Fiona Smith As part of our monthly segment, Our Community Leaders - Great Australian Leaders in Focus which features the thoughts of some of Australia's great leaders, this month we feature Fiona Smith.

Fiona Smith

Fiona Smith was the chair of both the Equal Opportunity Commission and the Business Licensing Authority in Victoria and a great national campaigner on issues of equality, disability and human rights over many, many years.

In 2005, Fiona delivered an inspiring speech to the Communities in Control conference titled Leadership - Imagine the Leaders we Need and Deserve, which discussed the challenges facing community leaders. The speech is available on the website with all the other speeches from the Communities in Control conferences - at

Our Community started by asking Fiona Smith who she considered to be the three great leaders of our time? And why?

Fiona Smith:

  • Mary Robinson - for helping maintain the vigil for human rights in challenging times and doing it in a very accessible way.
  • Nelson Mandela - for demonstrating through incredible hardship that the fight for racial equality is a strategy that can and will outlast its opponents if we maintain our focus on universal human values and principles.
Close to Home:
  • Justice Michael Kirby - for being Australia's most generous public official with his time, intellect and personal honesty about being gay.

Our Community: What are the three attributes you would consider to be essential to a leader? Explain why they are important?

Fiona Smith:
  • Being driven by a clear set of values that are about respect and valuing all human beings;
  • Liking yourself and having confidence. As a leader, you invariably have to take a stand on many issues. When people don't like you for it, your inner being needs to be resilient.
  • Ability to work as a team and enjoy it. Australians have a healthy disrespect for hierarchy and you need to work in partnership to achieve your goals. No one ever achieves anything alone.

Our Community: What are the three greatest barriers to new leaders emerging in Australia?

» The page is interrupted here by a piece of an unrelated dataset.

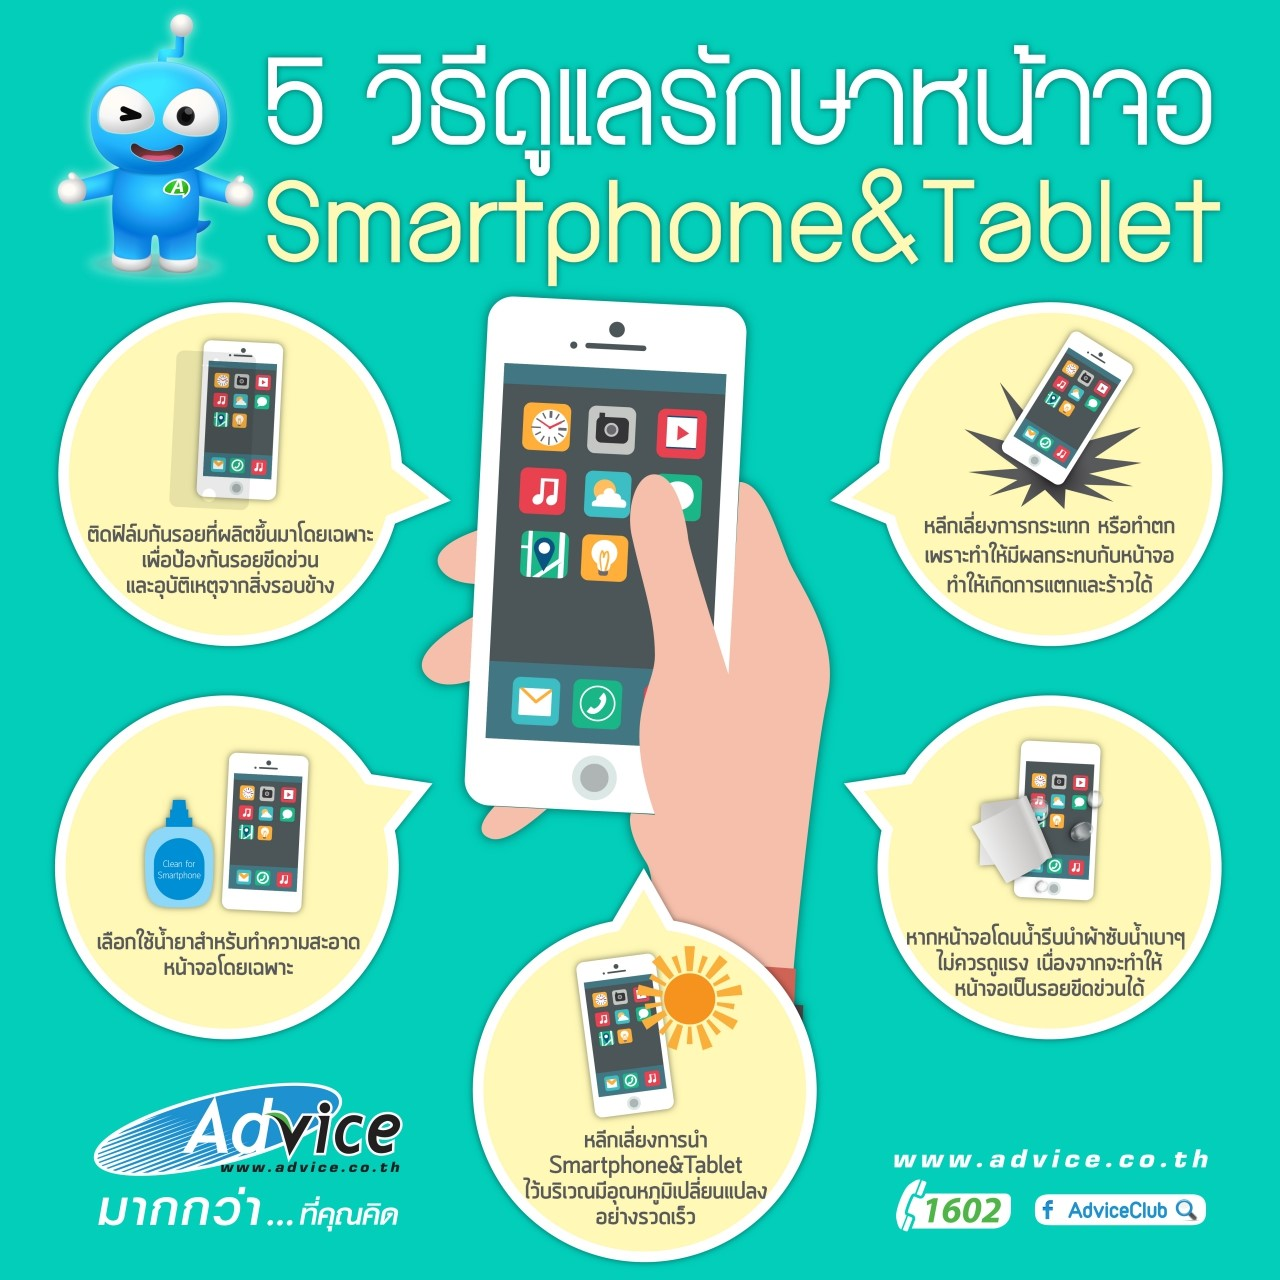 5SmartphoneTablet-01-01
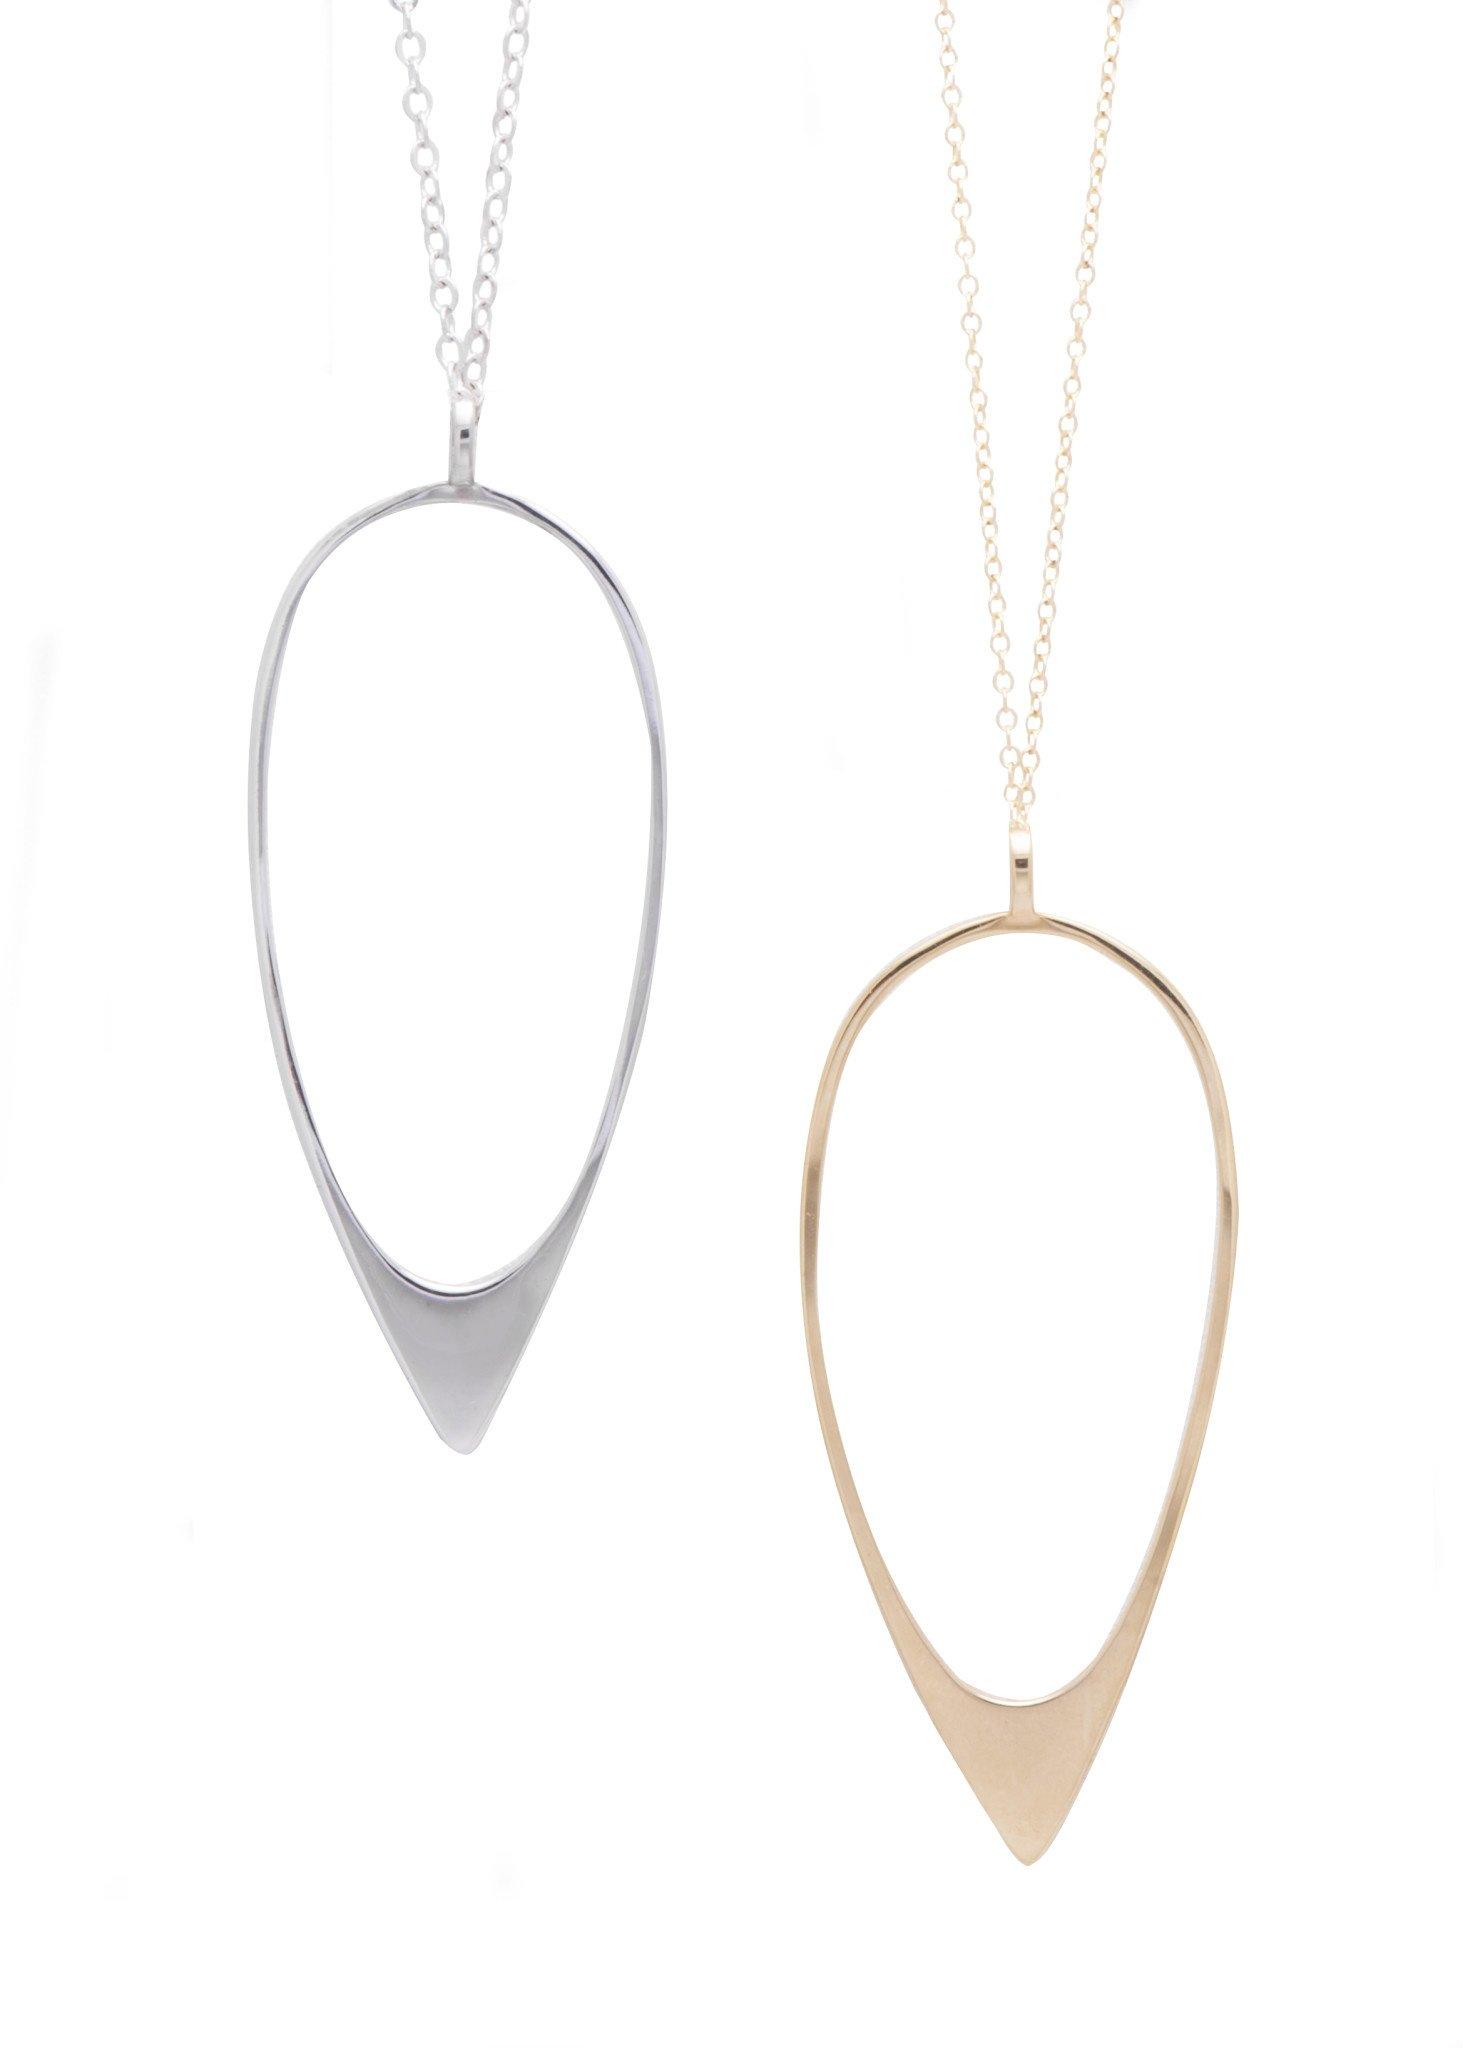 Sarah Mulder Jewelry Collier Ariam Large

And explain their impact.

Fiona Smith:
  • Fear of failure - Some people say you only know you are getting somewhere when you can recognize your failures.
  • Systemic barriers to equality for disadvantaged communities meaning too few of their leaders emerge to tackle our community's inequalities.
  • Women's continuing inequality in the workplace, in the home and in the Board Rooms and public institutions of Australia.

Our Community: What advice would you give to a potential leader to take them to the next stage?

Fiona Smith:
  • Identify and connect with your community - no matter what forms the basis of it. For example, it could be geographic, gay, global, disability or race based.
  • Find out what issues matter to your community and help deal with them.
  • Always aim to work with people who are more talented than you and first learn to follow. You need to learn from other more seasoned leaders. This gives you insight into what motivates and binds followers; helps you see you must both lead and follow to succeed in your aims; and reinforces the importance of nurturing emerging leaders.

Our Community: Nature/nurture - are leaders born or bred?

Fiona Smith:

Both. Having good role models really helps too.

Our Community: What do you consider to be the three top leadership issues facing the nation?

Fiona Smith:
  • Reconciliation with indigenous Australian's that delivers dignity, respect and is sustainable.
  • Maintaining our safety measures for a just society including income support, industrial law protections and robust human rights and equal opportunity institutions and laws.
  • Working creatively to support our neighbours including Papua New Guinea, East Timor and Indonesia while adapting to the challenges of the emerging BRIC economies. BRIC equals Brazil, Russia, India and China.

Our Community: What insights have you gained personally on your leadership journey and how have they impacted on your style of leadership?

Fiona Smith:

I have learnt that if you are affected personally by something - like a road through your local park, being indigenous and faced with racism or having a mental illness, or as in my case, being a woman with a physical disability and daily encountering a physically inaccessible built environment - you can often articulate solutions better than the person who is not so affected.

I try and use my personal experiences to build bridges with other people whilst guarding against being typecast. I have also learnt that if you believe you and those around you can make a difference, a powerful force can be unleashed. This certainly helps to drive me.

Our Community: Who have been your own leadership mentors and how did they assist in developing your own leadership style?

Fiona Smith:

I've had many people from whom I've learnt a lot as well as some who have opened doors for me; given me challenging perspectives; and been generous with their time. I regard myself as a very lucky person.

I'd single out three women (amongst many women and men) that I have been inspired by:
  • Rhonda Galbally - for feisty advocacy for social and economic inclusion of people who are marginalized.
  • Julie McCrossin - for her humour and demonstrating with great flair how you can always act with integrity, be inclusive and fair.
  • Sister Veronica Brady - for showing that even within the most conservative of institutions, or environments, you can still be an agent for change.